4th Secretary of State of Mississippi
- In office January 1835 – June 11, 1839
- Governor: Hiram Runnels John A. Quitman Charles Lynch Alexander G. McNutt
- Preceded by: D. C. Dickson
- Succeeded by: David Dickson Thomas B. Woodward

Personal details
- Born: 1811 or 1812 Mississippi
- Died: June 11, 1839 (aged 27) Columbus, Mississippi
- Party: Democrat

= Barry W. Benson =

Mississippi Secretary of State (1835–1839)
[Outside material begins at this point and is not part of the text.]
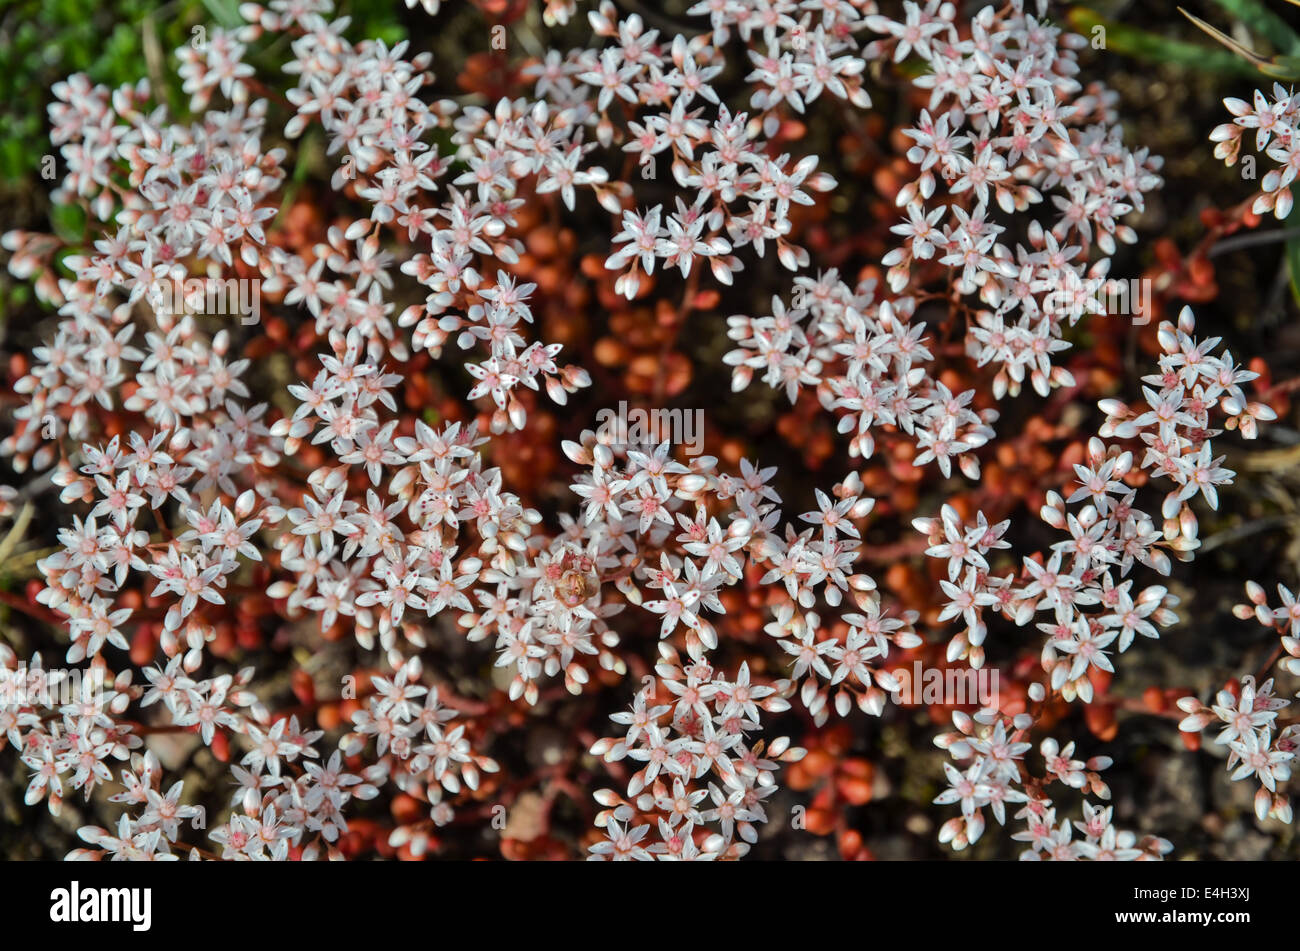 Background of blossom white stonecrop plants Stock Photo

Barry W. Benson (1811/1812 – June 11, 1839) was the Mississippi Secretary of State from 1835 to 1839. He was a Democrat.

== Biography ==
Barry W. Benson was born in Mississippi. His father was a Mississippi pioneer. Barry W. Benson was elected to the office of the Secretary of State of Mississippi in January 1835. He was re-elected to the office in 1837. At the time of his death, he was the incumbent office holder as well as the Democratic candidate for re-election.

== Death ==
Benson died of pulmonary tuberculosis at the age of 27 on June 11, 1839, at the home of his father-in-law in Columbus, Mississippi, and was survived by his mother and his widow. He had recently gone to Cuba to try to improve his lung condition. In early July 1839, Thomas B. Woodward of Yazoo County was appointed by Governor Alexander McNutt to fill in the vacancy caused by Benson's death.

== Personal life ==
Benson married the eldest daughter of Major Richard Barry. She remarried after Benson's death.